**Supplied material:**
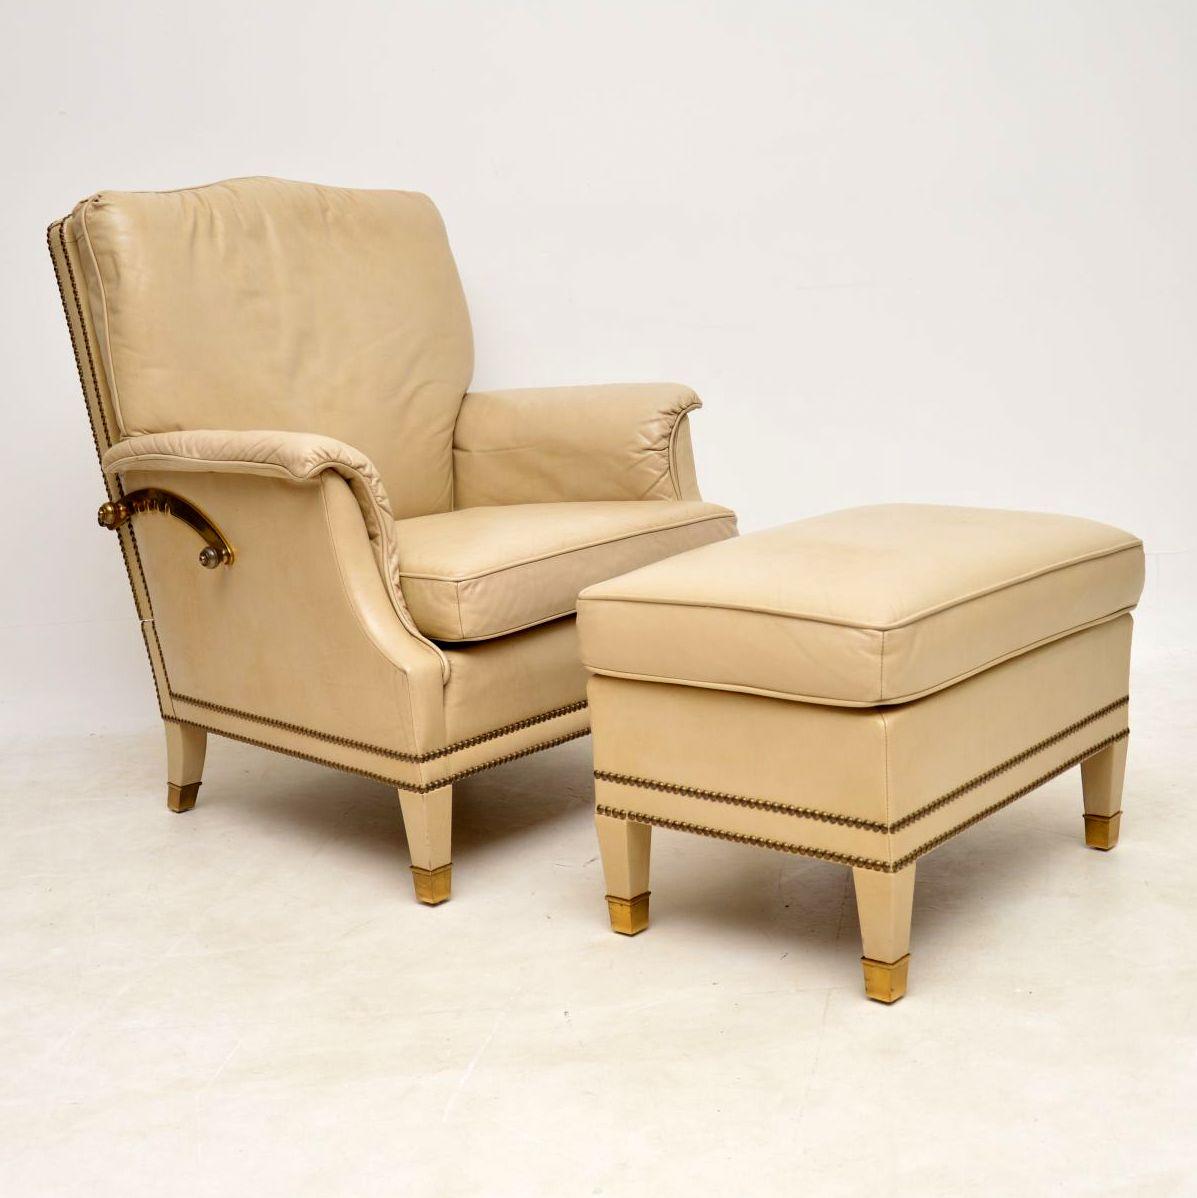 Antique Swedish Leather & Brass Reclining Armchair & Stool
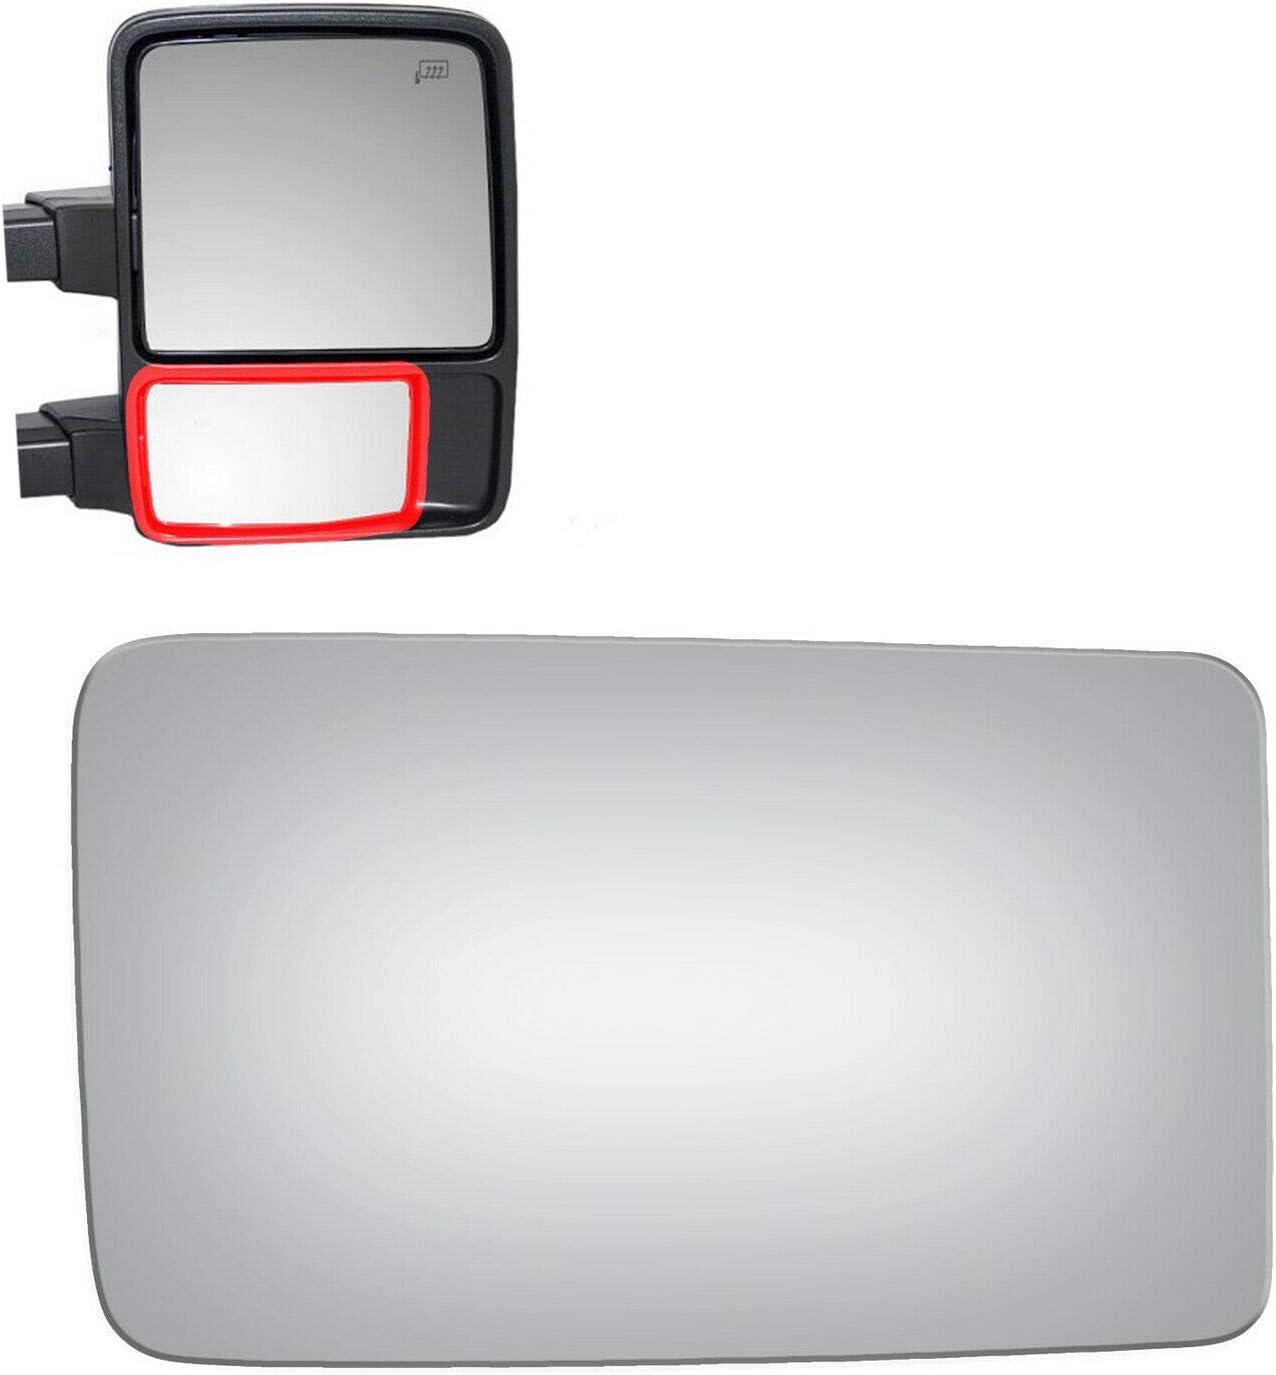 Ford E-150 E-250 E-350 F-250 F-350 F-450 Left driver side mirror glass lens 2729
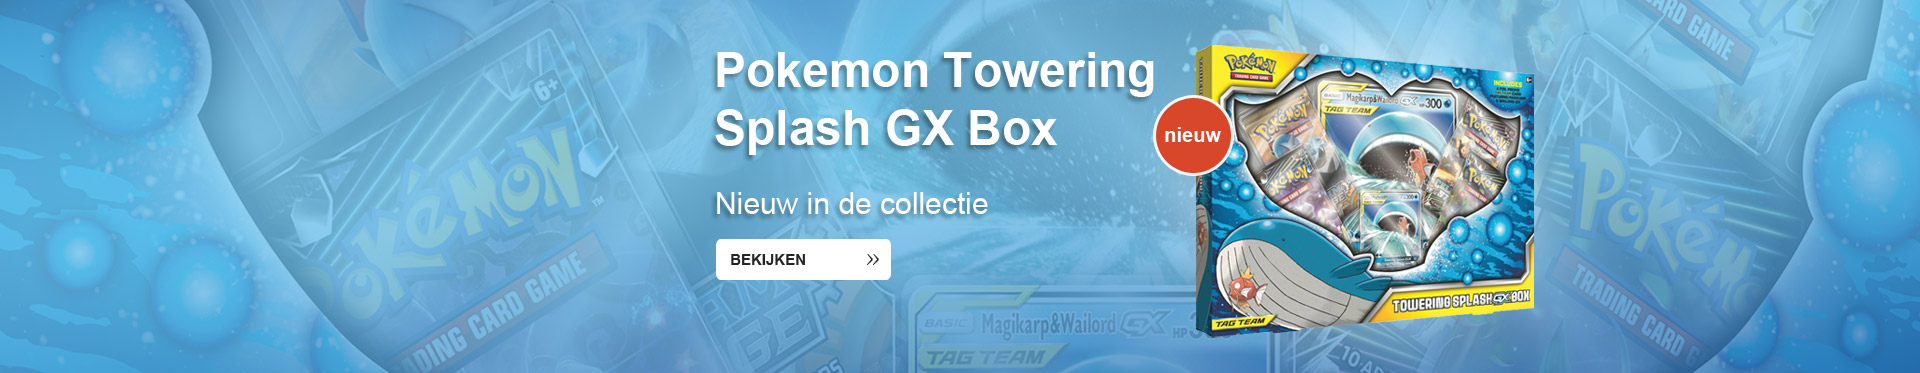 Pokemon - Tower Splash GX Box

**Directions:** Return the material exactly as it reads, though without the pictures it holds.

**Solution to the exercise:**
 Antique Swedish Leather & Brass Reclining Armchair & Stool
 Ford E-150 E-250 E-350 F-250 F-350 F-450 Left driver side mirror glass lens 2729
 Pokemon - Tower Splash GX Box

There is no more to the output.